# meşgulum / meşgulüm? (Palatal L)



## Pitt

Merhaba!

I'd like to know the correct spelling:

_Meşgul*u*m / Meşgul*ü*m_

Teşekkürler!


----------



## spiraxo

Hi Pitt,

meşgul*ü*m

http://tdkterim.gov.tr/bts/

*Meşgul  * 
_*sıfat (l ince okunur) * Arapça meş¦°l_                        1. _sıfat_ Bir işle uğraşan, iş görmekte olan: "_Belediye doktoru, kışın kimya tecrübeleri ile meşguld*ü*._" - *S. F. Abasıyanık*


----------



## Pitt

Thanks! I have another question. The adjective *yorgun* is used with *-um* = *yorgunum* (vocalharmony u = um). Why is the adjective *meşgul *used wıth *-üm *= *meşgulüm*?

Selamlar


----------



## ouzhantekin

Hi Pitt,

It is because the consonant "L" is clear there OR velarized (palatal L)... Thats why even though it must be "u" that is following after "l", however, since it is a velarized "L" we say "ü" after it. Similarly;

kabul (acceptance) -- kabulüm (my acceptance)  NOT kabulum ..
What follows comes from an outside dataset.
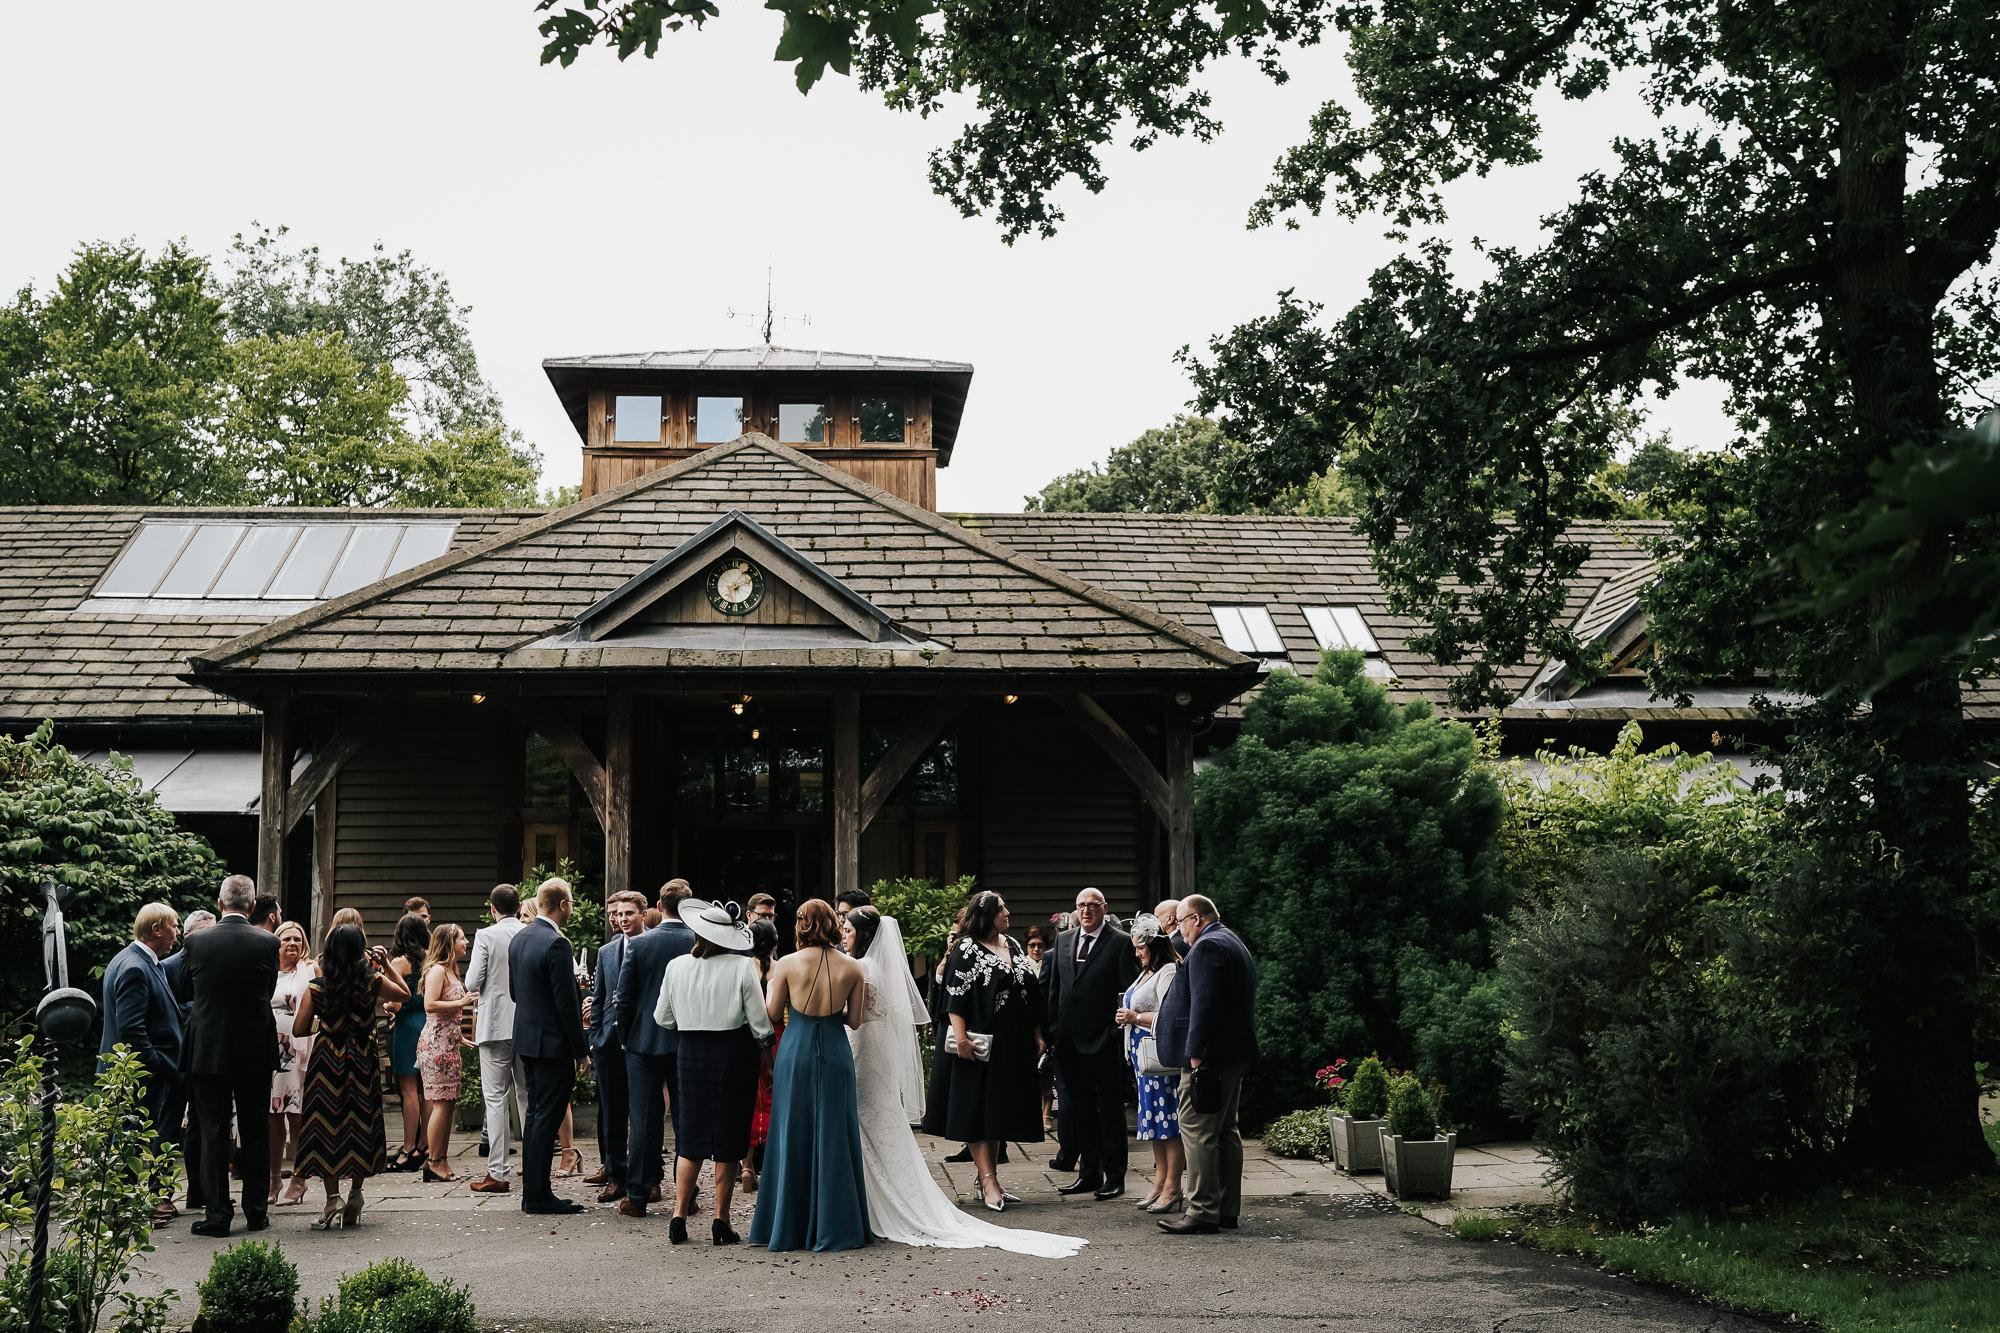 Oak tree of peover wedding photography cheshire wedding photographer (26 of 56).jpg

Oh God,  it is hard to explain... =)


----------



## spiraxo

Hi Pitt,

A hint:
*(l ince okunur) *in the explanation of *meşgul* is a warning and means palatal L.


----------



## ecdadihifzeylerdi

This is just a pronunciation issue. Turkish has two types of L's. İnce and kalın. 

Turkish words with vowels a ı o u (almost) never have the ince L. However, most of the loanwords from Arabic and French have the ince L with vowels a ı o u nearby due to their such pronunciation in these languages. There are exceptions of course e.g. bakkal, kaşkol. 

In addition, we might pronounce English loanwords with the ince-palatal L even though such pronunciation is not respected in English. For instance the english word 'full' and gol are pronounced with the ince-palatal L. So you would say 'Lokanta fulmüş' (Apparently the restaurant is full). We tend to pronounce western words with the French pronunciation. The pronunciation of L in dolar, futbol are usually with the kalın L, but ince L pronunciation is used by many people as well.

A good dictionary should be noting the ince L as Spiraxo has pointed out.


----------



## Pitt

Yardımınız için çok teşekkür ederim.


----------



## Black4blue

ecdadihifzeylerdi said:


> There are exceptions of course e.g. bakkal, kaşkol.



Just wondering. Doesn't bakkal come from bak-kal... or is it a foreign word? Am I too ignorant..


----------



## ecdadihifzeylerdi

someone had mentioned here in this forum the same thing, but given the fact that there is a root b-q-l in arabic relates to things about groceries, and many words derived from that root including bakkal meaning the grocerer, i would assume that it is originally arabic.

nisanyan also thinks it's from arabic.
http://www.nisanyansozluk.com/?k=bakkal


----------